Stella Chemifa Corporation announced that its Board of Directors has decided to reject all shareholder proposals submitted by Nippon Active Value Fund plc for the upcoming Ordinary General Meeting. The proposals included amendments to the Articles of Incorporation and the acquisition of treasury stock, among others. The Board believes that maintaining decision-making within the Board allows for more agile and flexible management, aligning with their strategy to enhance medium- to long-term corporate value and shareholder returns.
Stella Chemifa Corporation has announced a new shareholder return policy as part of its 4th Medium-Term Management Plan, aiming for a return on equity of 8% or more by March 2028. The policy emphasizes stable dividends and a total return ratio of 100% or more, balancing growth investments with shareholder returns to enhance corporate value.
Stella Chemifa has announced its Fourth Medium-Term Management Plan for fiscal years ending 2026 to 2028, aiming for significant growth and value creation. The plan includes strengthening sales in semiconductor markets, expanding electronic materials sales channels, and enhancing R&D efforts. The company targets increased sales revenue and operating profit by 2028, with a new shareholder return policy aiming for a total return ratio of 100% or more over the plan period.
Stella Chemifa Corporation has announced a resolution by its Board of Directors to pay dividends of surplus, with a record date of March 31, 2025. The dividend per share is set at ¥85, reflecting the company’s policy to maintain stable payments and a total return ratio of 100% for the fiscal year. This decision underscores Stella Chemifa’s dedication to shareholder returns, despite a slight decrease from the previous fiscal year’s dividend per share of ¥94.
Stella Chemifa reported significant growth in its financial performance for the fiscal year ended March 31, 2025, with a 19.2% increase in sales revenue and a 59.4% rise in operating profit compared to the previous year. The company also announced a higher dividend payout, reflecting its strong financial position and commitment to returning value to shareholders.

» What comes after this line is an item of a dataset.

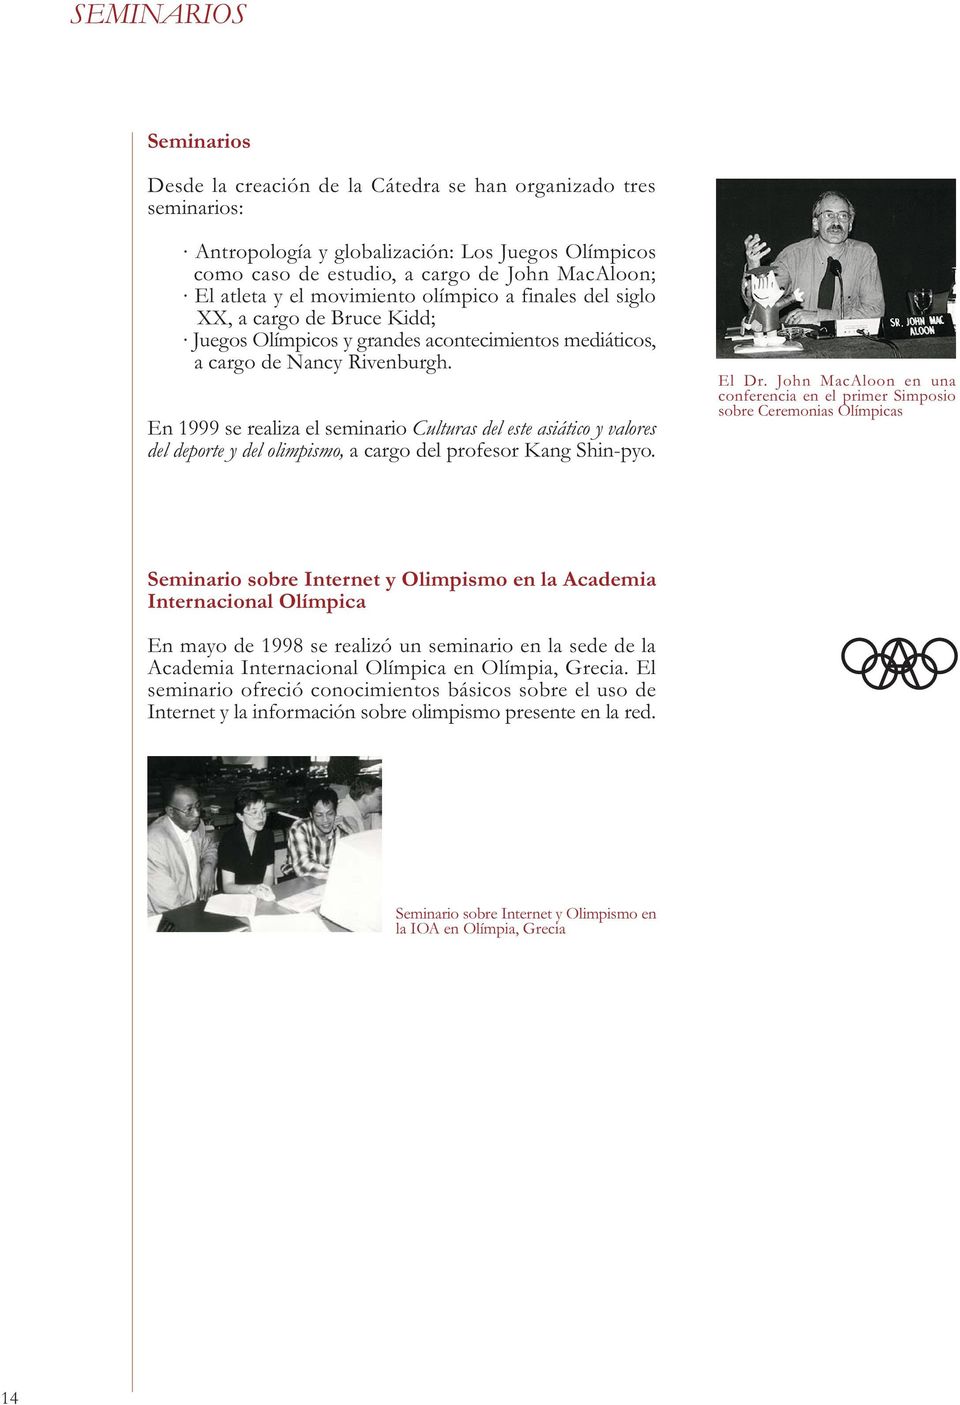 En 1999 se realiza el seminario Culturas del este asiático y valores del deporte y del olimpismo, a cargo del profesor Kang Shin-pyo. El Dr.
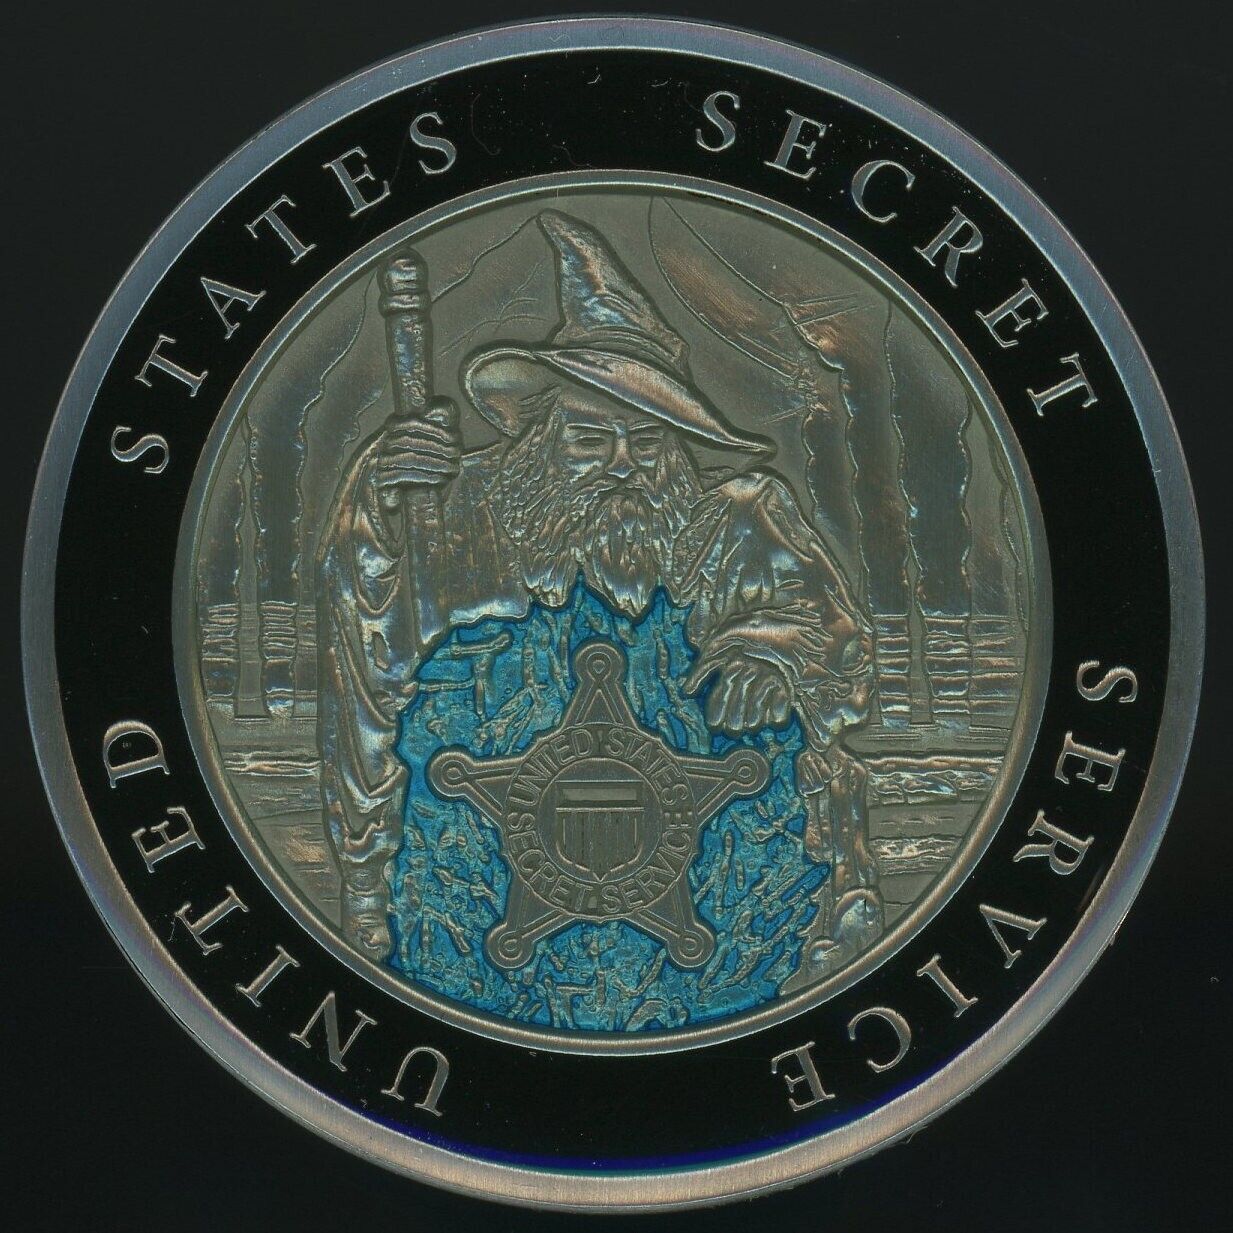 Secret Service WIZARD TSD Newest Version Challenge Coin

Stella Chemifa Corporation announced a change in its largest shareholder, with Dalton Investments, Inc. now holding the largest share as of April 3, 2025. This shift in shareholder structure may influence the company’s strategic direction and impact its market positioning, as Dalton Investments increases its stake from 14.89% to 15.82%.